Richter kippt Todesstrafe in Kalifornien

USA Weil das Justizsystem nicht funktioniere, sei die Strafe willkürlich – und damit verfassungswidrig

LOS ANGELES afp | Ein US-Bundesrichter hat die Todesstrafe in Kalifornien wegen der qualvollen und ungewissen Zeit bis zu ihrer Vollstreckung als verfassungswidrig eingestuft. Der behördliche Umgang mit Todesstrafen sei derart „dysfunktional“, dass das System „verfassungswidrig“ sei, urteilte der konservative Richter Cormac Carney am Mittwoch.

Im konkreten Fall wurde das Todesurteil gegen Ernest Dewayne Jones zurückgenommen. Er war 1995 wegen der Ermordung der Mutter seiner Freundin zum Tode verurteilt worden. „Zwei Jahrzehnte später bleibt Herr Jones in einer kalifornischen Todeszelle mit vollständiger Unsicherheit, wann oder ob die Exekution überhaupt kommen wird“, schrieb der Richter. Und das sei kein Einzelfall. Seit Wiedereinführung der Todesstrafe 1978 seien von den mehr als 900 verhängten Todesurteilen nur 13 vollstreckt worden.

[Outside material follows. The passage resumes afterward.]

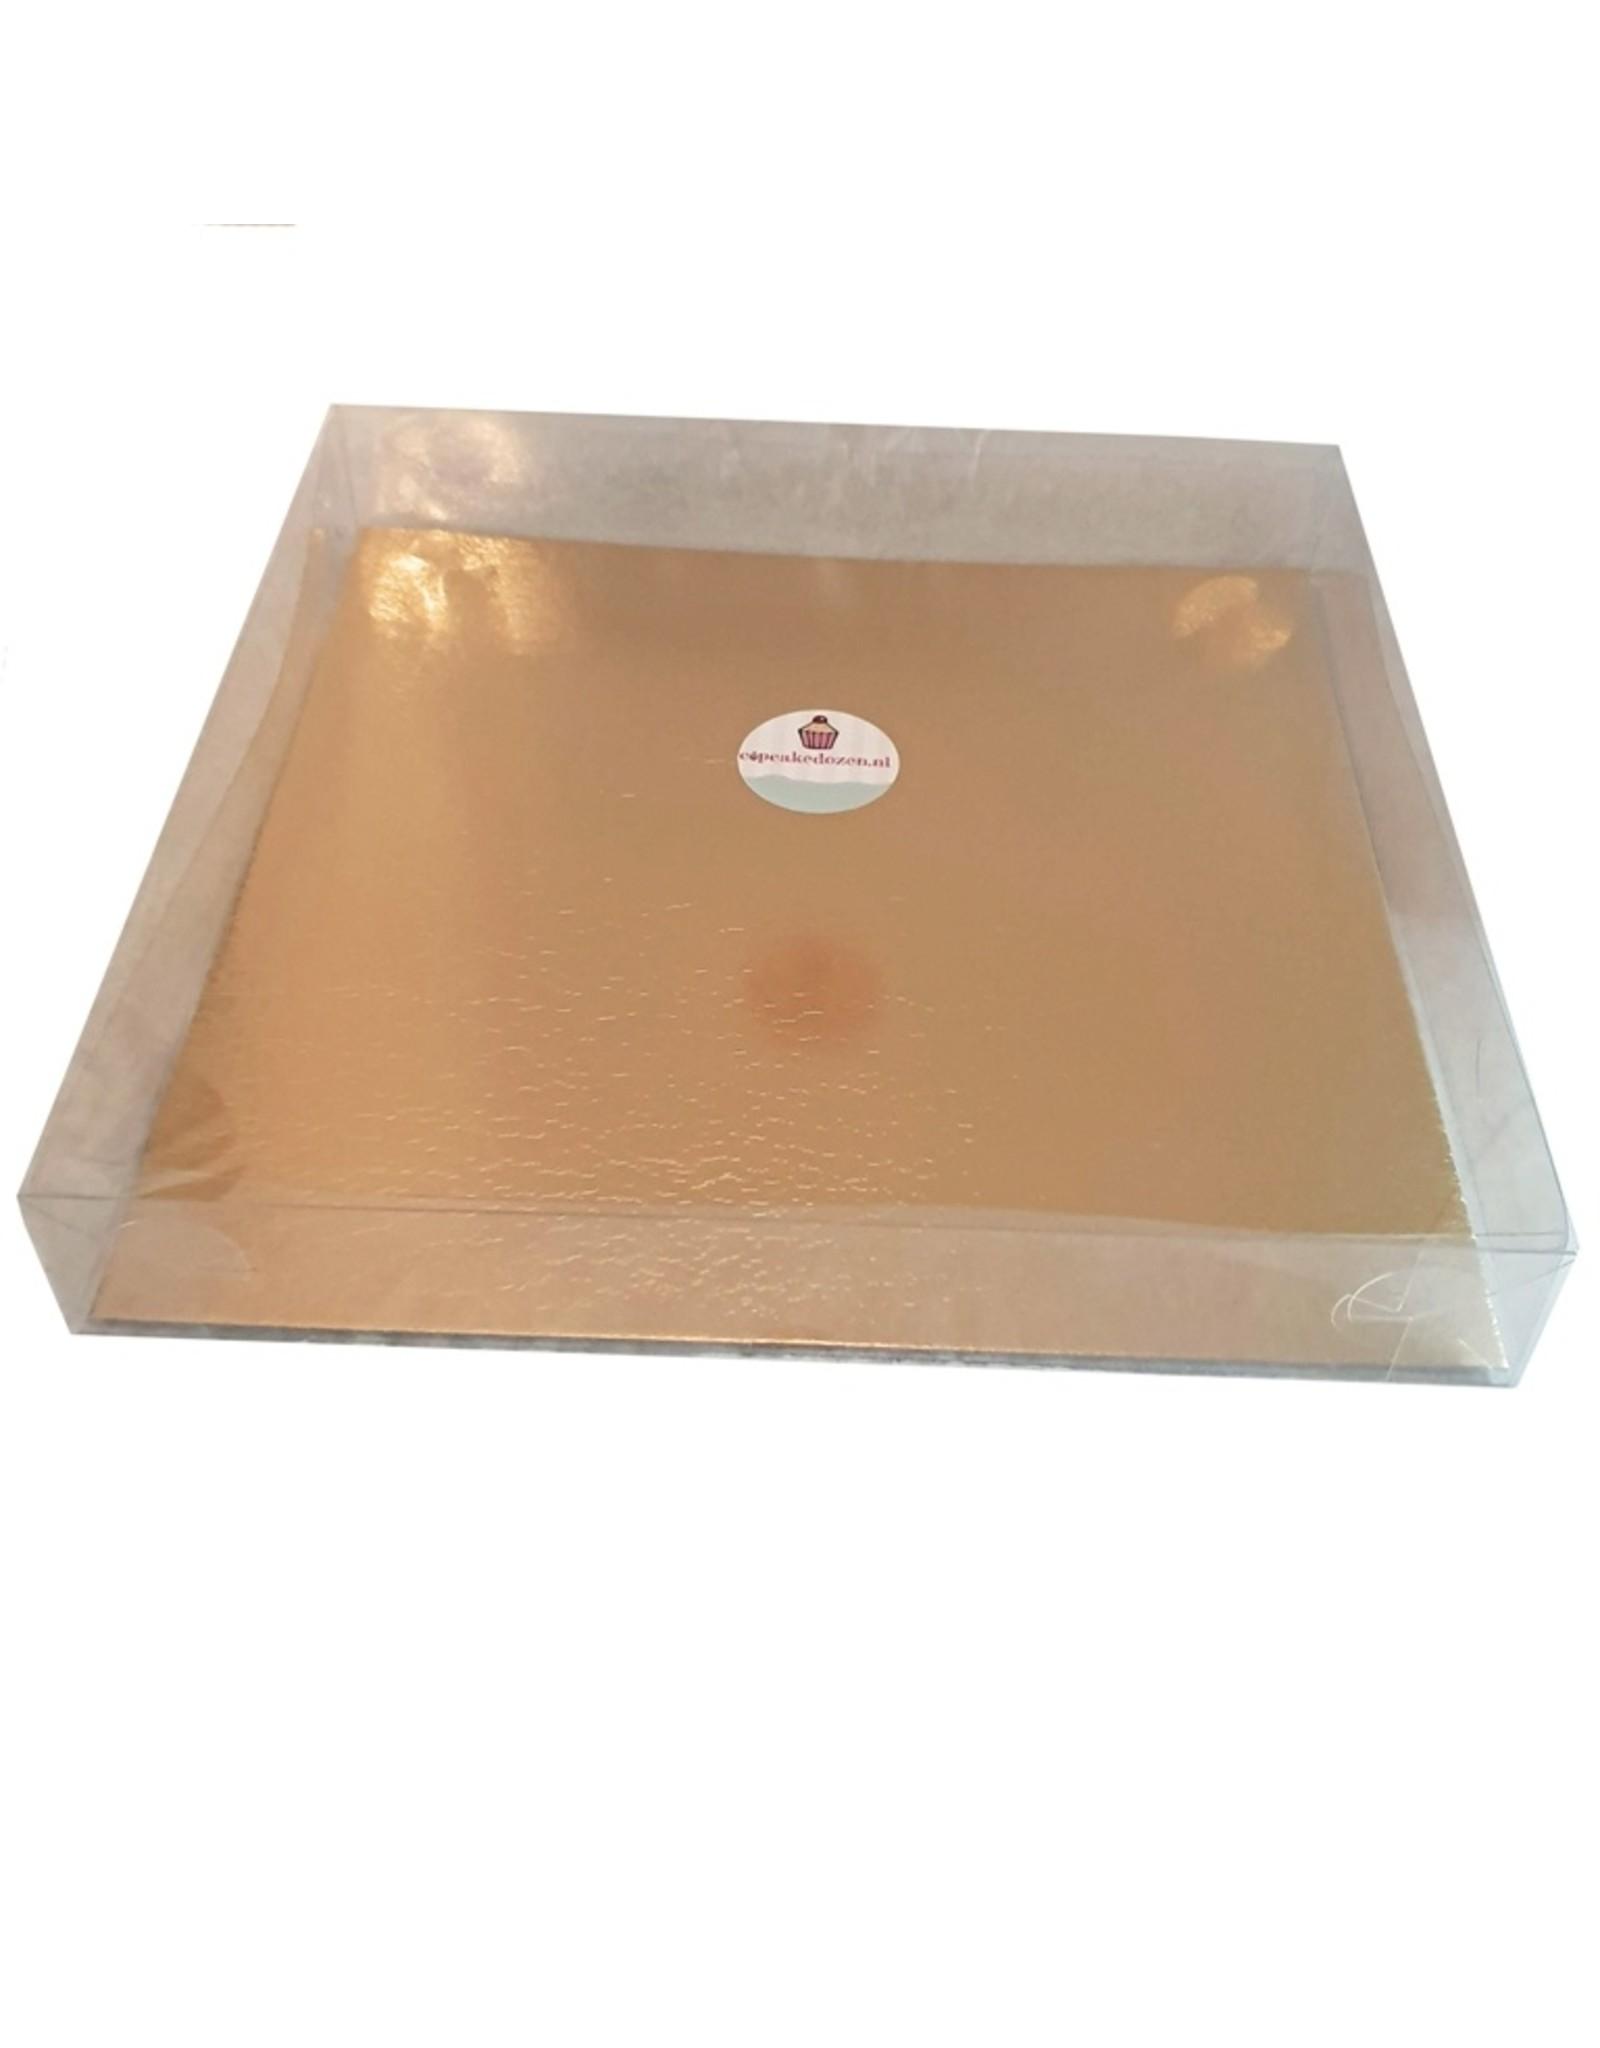 Transparante doos - 29,5 x 29,5 x 4,5-6 cm (per 100 stuks)

Damit seien aus sorgfältigen und gezielten Entscheidungen Strafen geworden, die keine rationale Jury und kein Gesetzgeber verhängen würde: „Ein Leben im Gefängnis mit der entfernten Möglichkeit des Todes“, schrieb der Richter. Für die wenigen, die dann tatsächlich hingerichtet würden, wirke die Vollstreckung willkürlich und erfülle „keine abschreckende oder bestrafende Wirkung“. Das sei mit der Verfassung nicht zu vereinbaren.

Das Urteil wird demnächst beim Berufungsgericht landen, eventuell später beim Obersten Gerichtshof. Es sei bedeutend, weil die Todesstrafe in den USA dadurch noch stärker auf den Prüfstand komme, sagte die Vorsitzende der Nationalen Koalition für die Abschaffung der Todesstrafe, Diann Rust-Tierney

Seit 2004 haben in den USA sechs Staaten die Todesstrafe abgeschafft, in Oklahoma wurde sie ausgesetzt. In Missouri wurde am Mittwoch ein vor 17 Jahren verurteilter Dreifachmörder per Giftspritze hingerichtet. John Middleton sei nach acht Minuten gestorben, teilte ein Justizsprecher mit. Der 54-Jährige hatte bis zuletzt seine Unschuld beteuert.